→ Collected material
▶

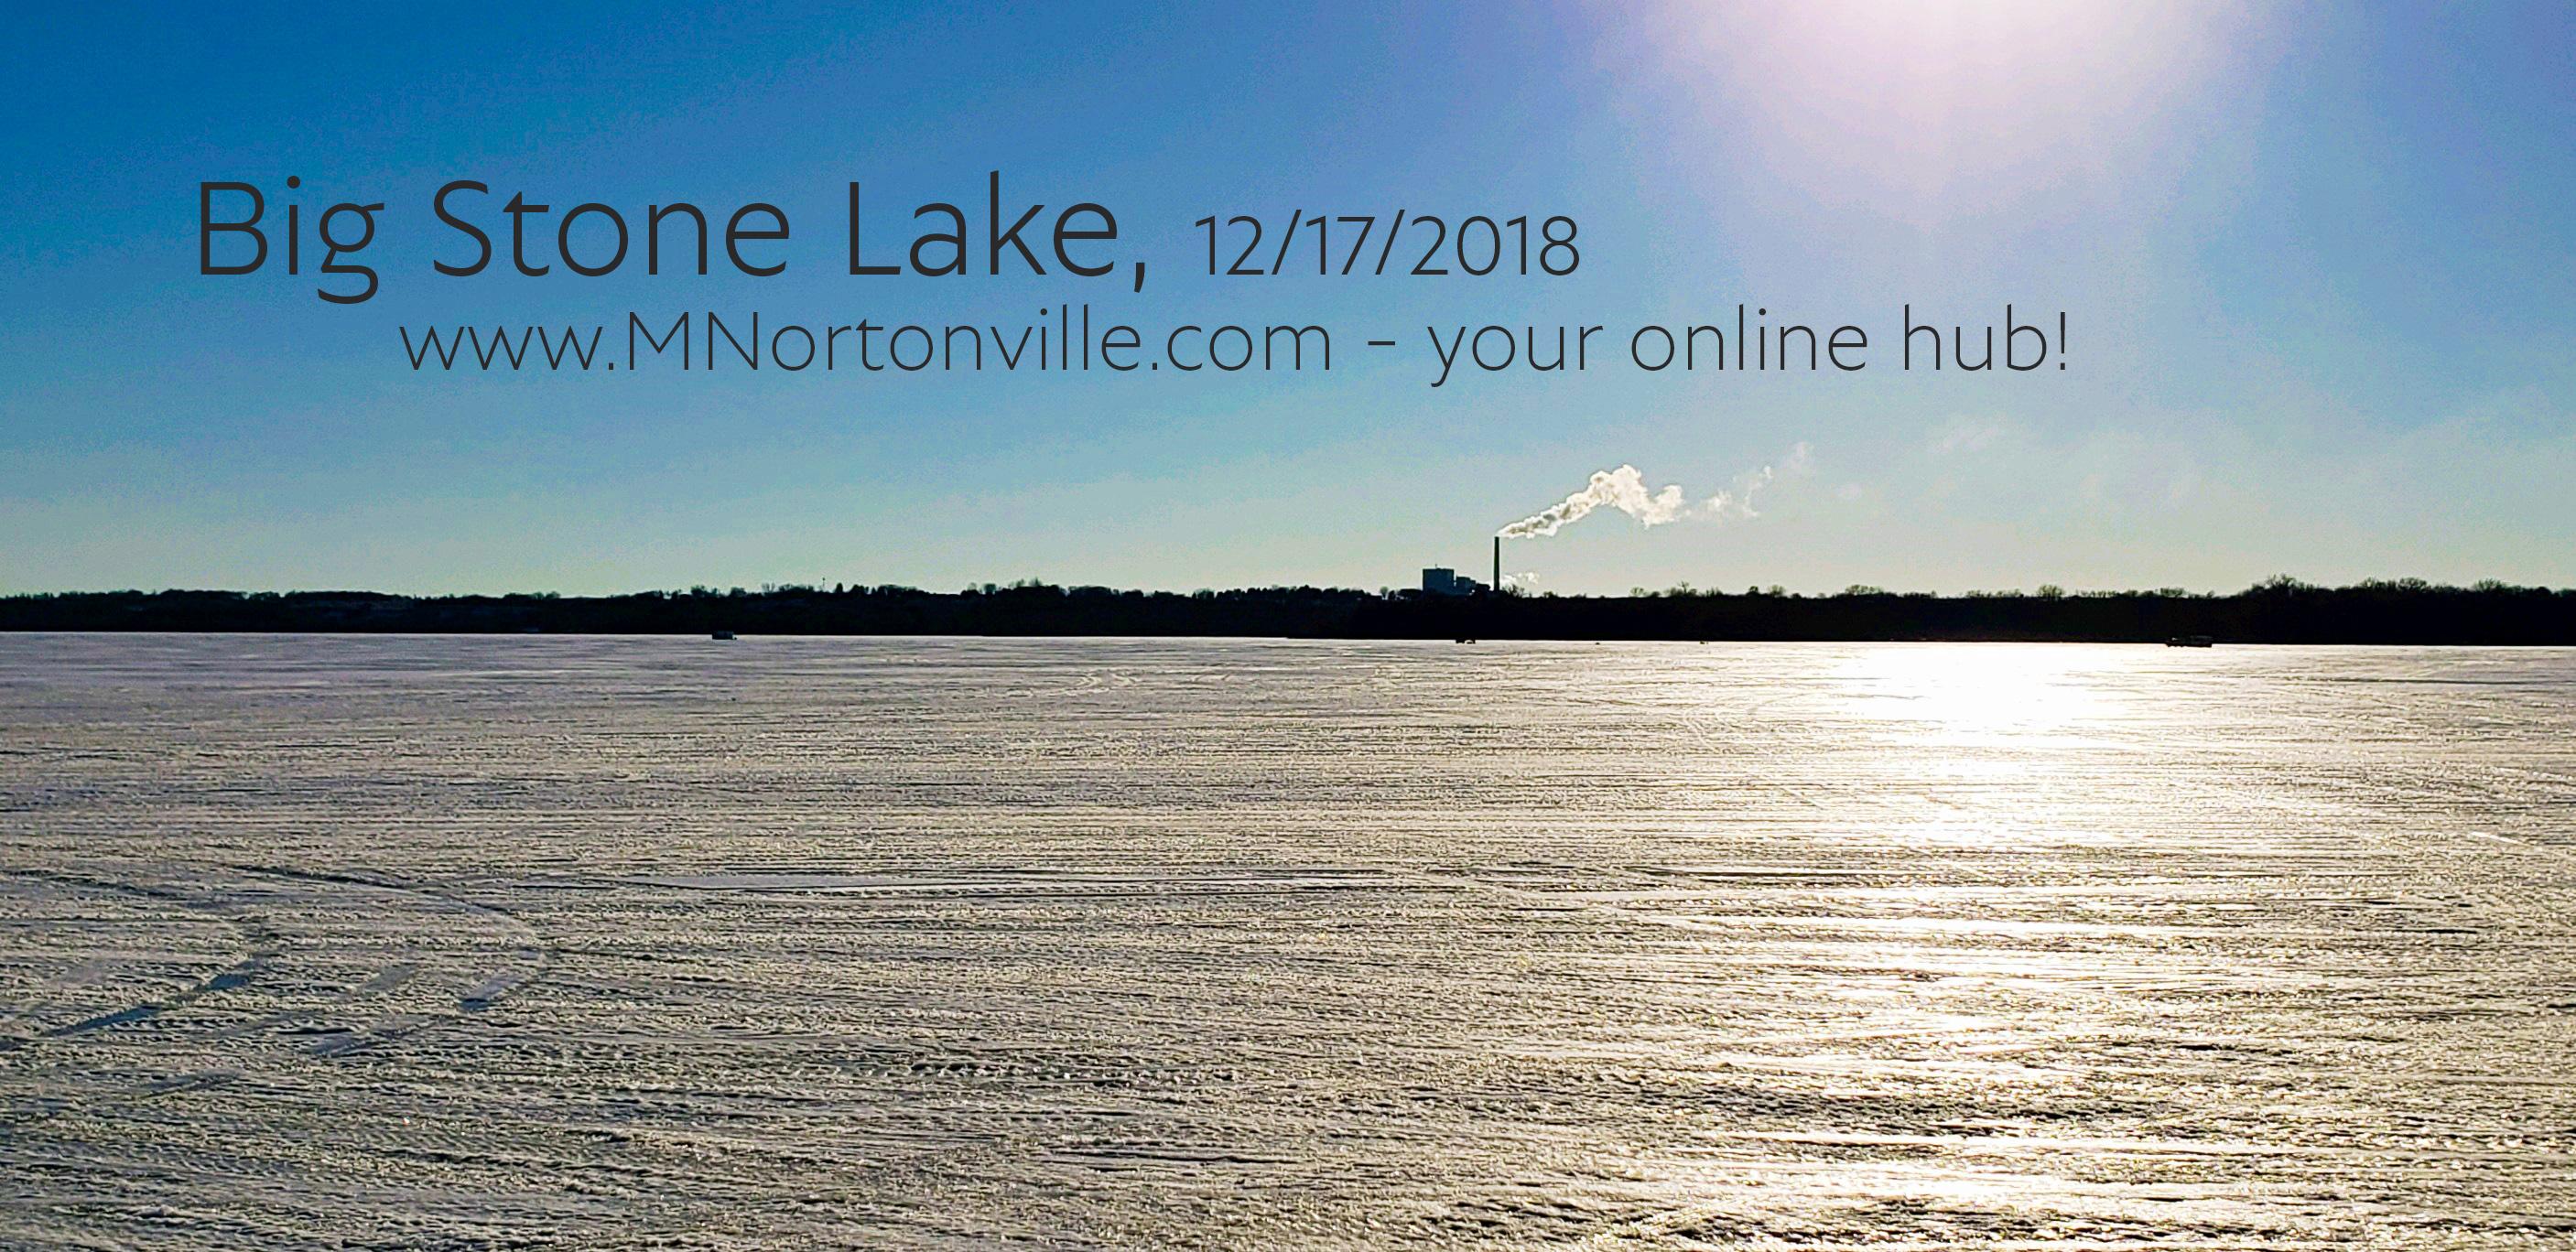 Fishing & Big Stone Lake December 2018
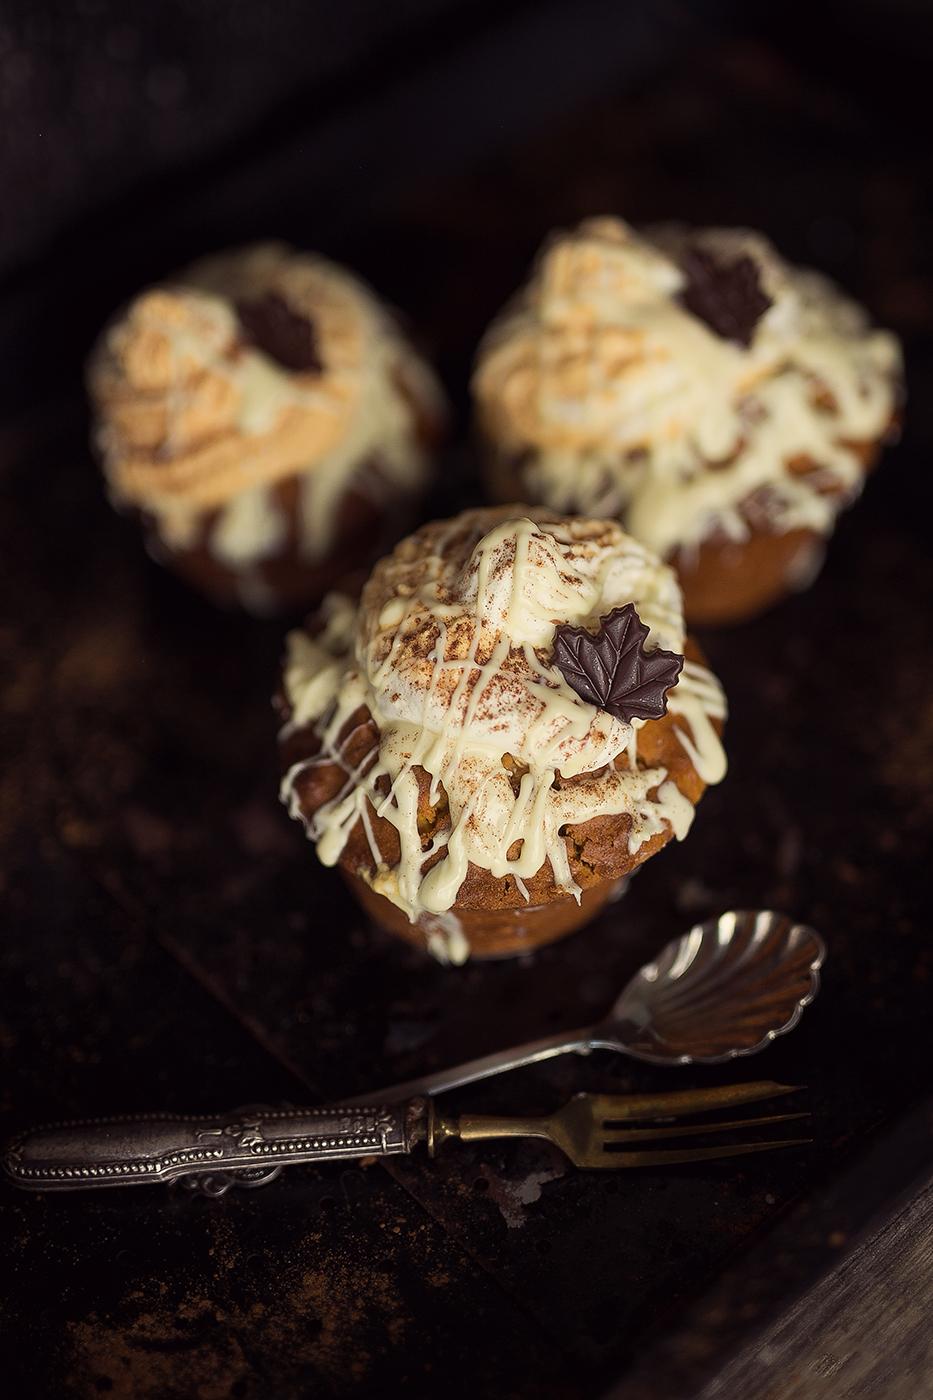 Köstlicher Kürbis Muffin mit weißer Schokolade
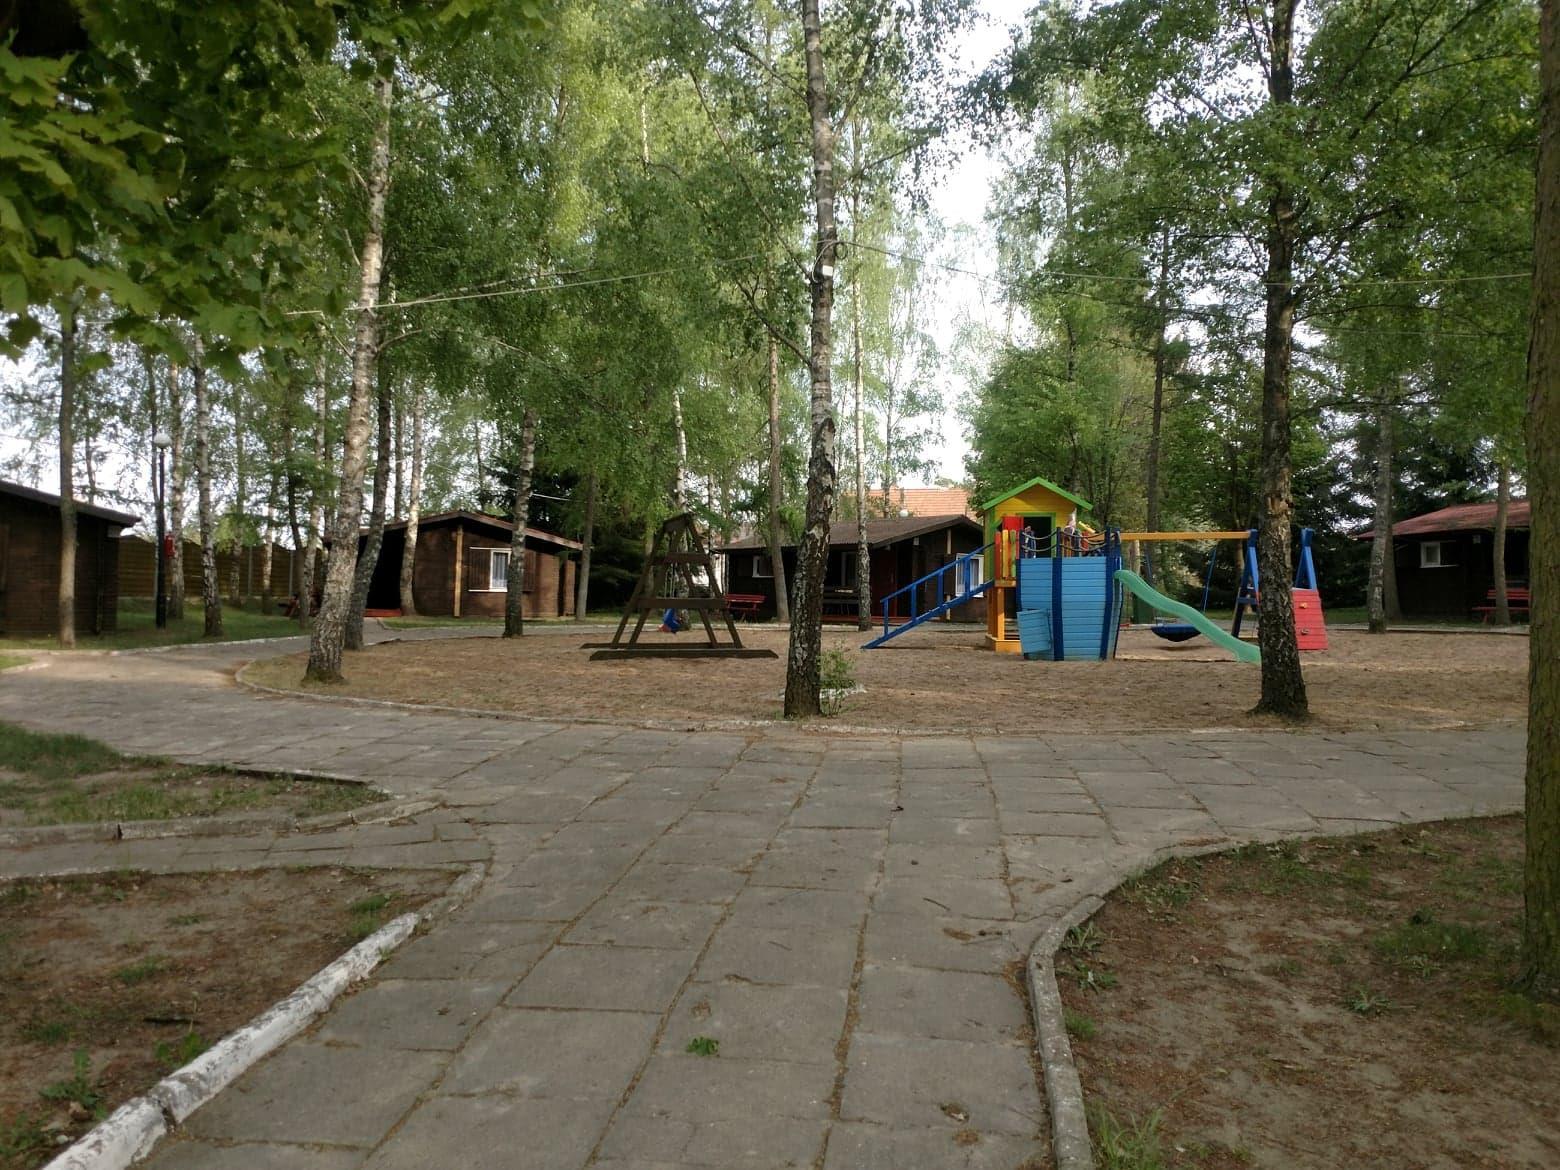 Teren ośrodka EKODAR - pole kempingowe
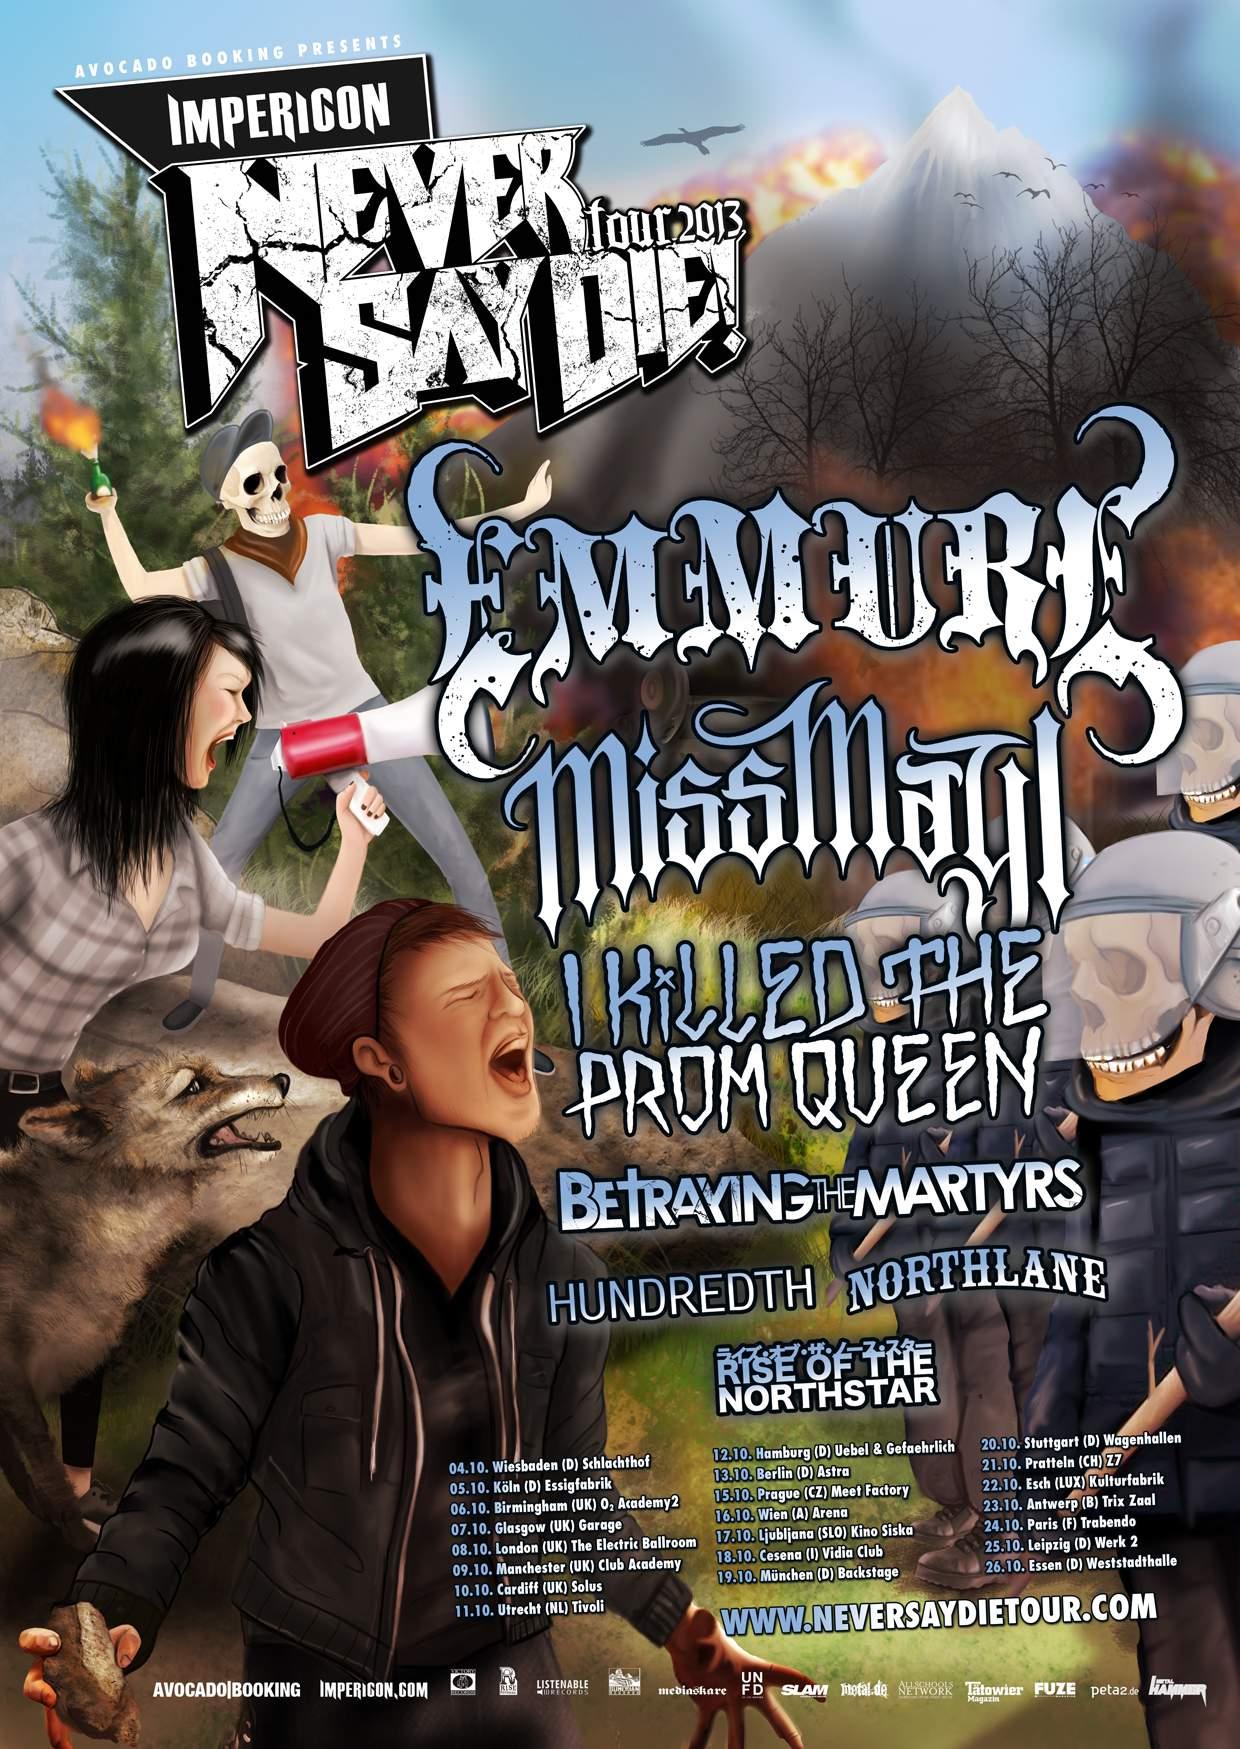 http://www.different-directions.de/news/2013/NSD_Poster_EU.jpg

◀

→ Activity
Without the pictures, transcribe exactly the lines above from the one containing "Köstlicher Kürbis Muffin" through the last.

→ Reply to the exercise
 Köstlicher Kürbis Muffin mit weißer Schokolade
 Teren ośrodka EKODAR - pole kempingowe
 http://www.different-directions.de/news/2013/NSD_Poster_EU.jpg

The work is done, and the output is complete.